02. Semantic Chunking at Scale
Fixed-size chunking ignores document structure. Semantic chunking identifies natural topic boundaries and splits accordingly, improving retrieval relevance by preserving coherent units.
Sentence splitting forms the foundation. Naive regex-based splitting fails on abbreviations, decimal numbers, and edge cases. Use a tokenizer-aware splitter that understands sentence boundaries in your target language.
Paragraph detection identifies topic shifts within documents. Sections separated by blank lines or headings typically represent distinct concepts. Long paragraphs may contain multiple sub-topics requiring subdivision.
Hierarchical merging combines short segments up to a target size while respecting semantic boundaries. Merge paragraphs until reaching the target chunk size, but stop at heading boundaries.
import re
from typing import List, Tuple
def semantic_chunk(
text: str,
min_chunk_size: int = 100,
max_chunk_size: int = 500,
overlap: int = 50
) -> List[Tuple[str, dict]]:
"""Split text into semantically coherent chunks with overlap."""
# Split into paragraphs at blank lines
paragraphs = re.split(r'\n\s*\n', text)
chunks = []
current_chunk = []
current_length = 0
for para in paragraphs:
para = para.strip()
if not para:
continue
para_length = len(para)
# If single paragraph exceeds max, split by sentences
if para_length > max_chunk_size:
sentences = split_into_sentences(para)
for sentence in sentences:
if current_length + len(sentence) > max_chunk_size:
if current_chunk:
chunks.append(('\n'.join(current_chunk), {}))
current_chunk = []
current_length = 0
# Carry overlap
if overlap > 0 and current_chunk:
current_chunk = current_chunk[-1:]
current_chunk.append(sentence)
current_length += len(sentence)
else:
if current_length + para_length > max_chunk_size:
chunks.append(('\n'.join(current_chunk), {}))

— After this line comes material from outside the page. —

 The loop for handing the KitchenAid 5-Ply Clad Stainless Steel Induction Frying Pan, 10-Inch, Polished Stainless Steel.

# Start new chunk with overlap from previous
overlap_text = '\n'.join(current_chunk)[-overlap:] if overlap else ''
current_chunk = [overlap_text, para] if overlap_text else [para]
current_length = len(overlap_text) + para_length
else:
current_chunk.append(para)
current_length += para_length
if current_chunk:
chunks.append(('\n'.join(current_chunk), {}))
return chunks
def split_into_sentences(text: str) -> List[str]:
"""Use punctuation-aware sentence splitting."""

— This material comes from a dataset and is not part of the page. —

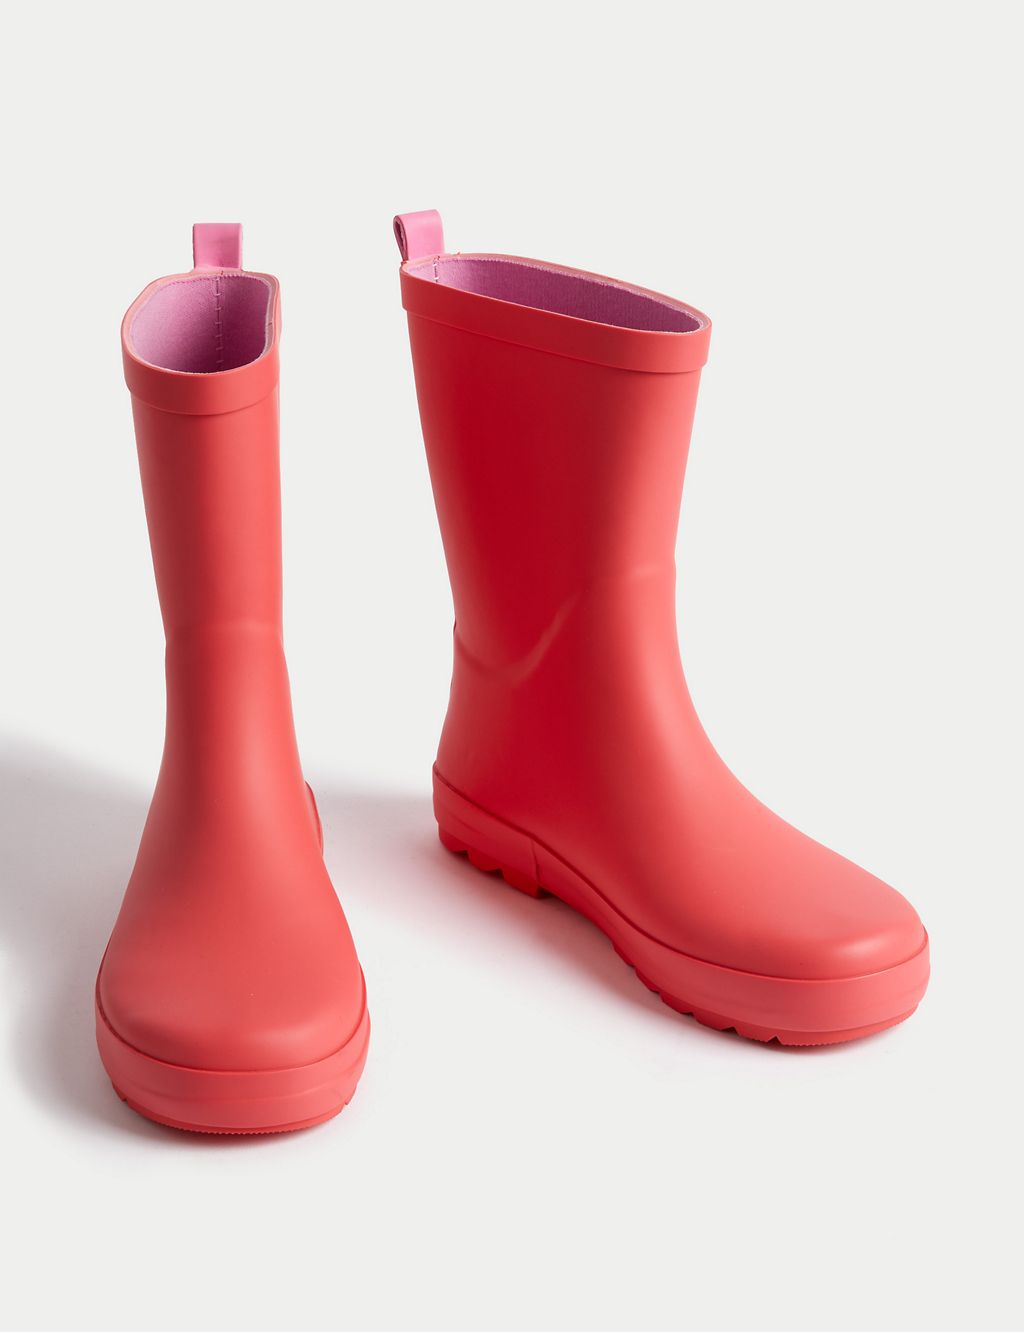 Kids' Wellies (4 Small - 6 Large) 1 of 4

# Split on sentence-ending punctuation followed by space and uppercase
sentences = re.split(r'(?<=[.!?])\s+(?=[A-Z])', text)
return [s.strip() for s in sentences if s.strip()]
Implement semantic_chunk and compare results against fixed-size chunking on a technical blog post. Count how many code blocks, lists, or distinct topics span multiple chunks in each approach.